9. Other Severance Benefits. Executive hereby agrees that in consideration for the payments to be received under this Agreement, Executive waives any and all rights to any payments or benefits under any severance plans or arrangements of the Company or its respective subsidiaries that specifically provide for severance payments, except for any amounts earned by Executive under the Company’s long-term incentive plan that have not been distributed.

10. Withholding. All payments to be made to Executive hereunder will be subject to all applicable required withholding of taxes.

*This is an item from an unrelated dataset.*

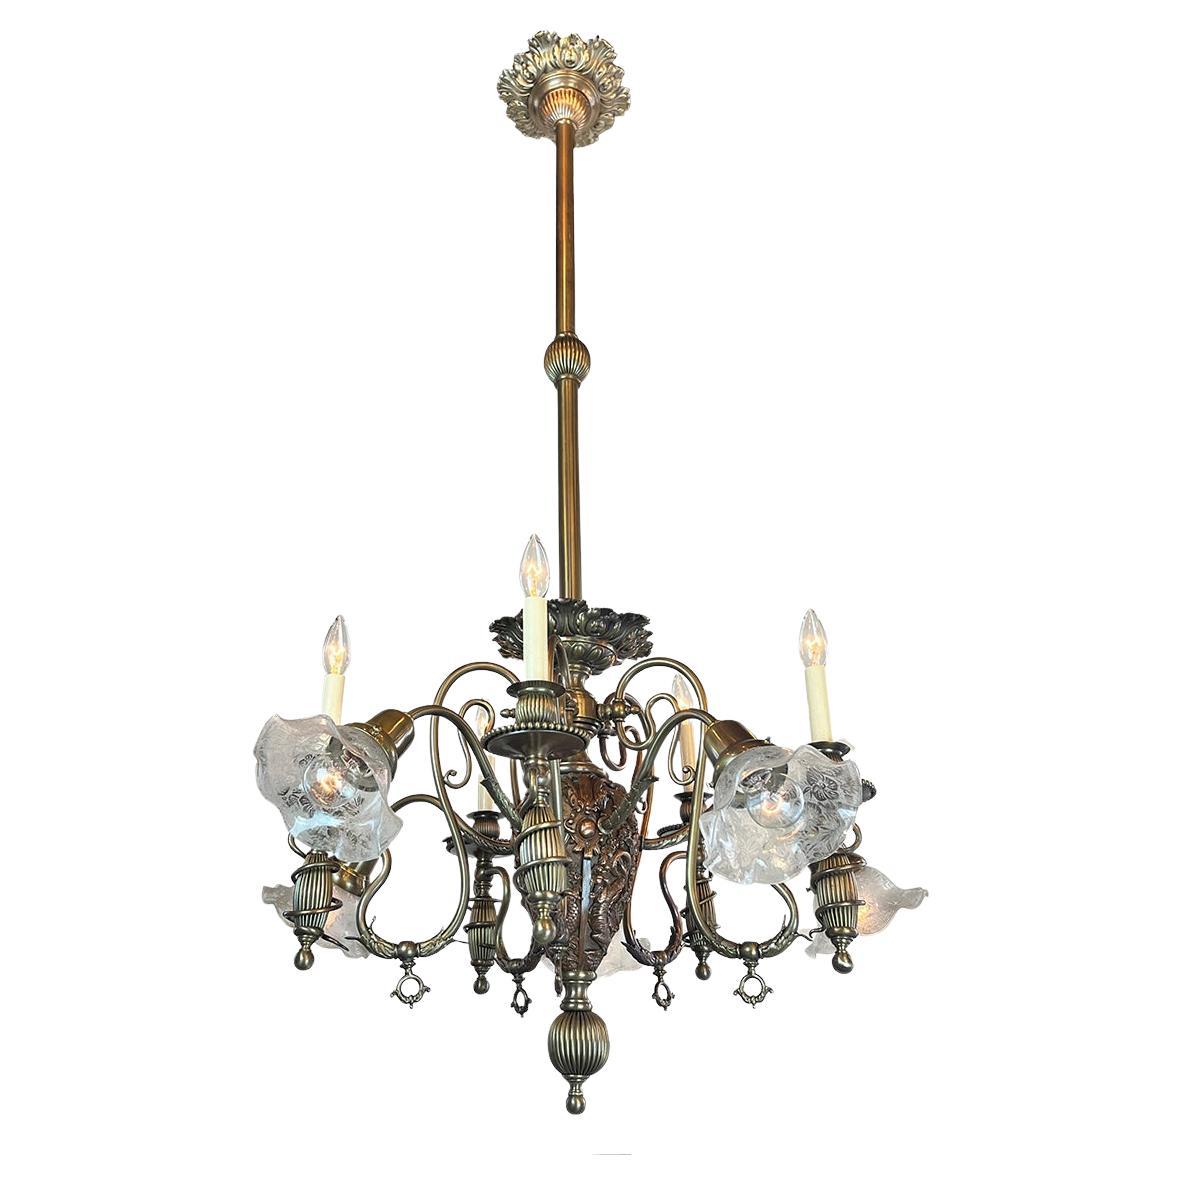 1887 Aesthetic Movement Combination Gas Electric Chandelier  For Sale

11. Cancellation of Prior Agreements; Resignation. Executive hereby acknowledges and agrees that this Agreement is intended to and does hereby replace that certain employment agreement dated as of December 19, 2011 between Executive and the Company, and that certain change in control severance agreement dated as of June 1, 2011 between Executive and the Company and that both such agreements are cancelled, terminated and of no further force and effect and Executive waives any and all claims related to such agreements. By execution of this Agreement, effective as of the Effective Date, Execute hereby resigns her position as President, RehabCare and her position as an officer of the Company and any of its affiliates.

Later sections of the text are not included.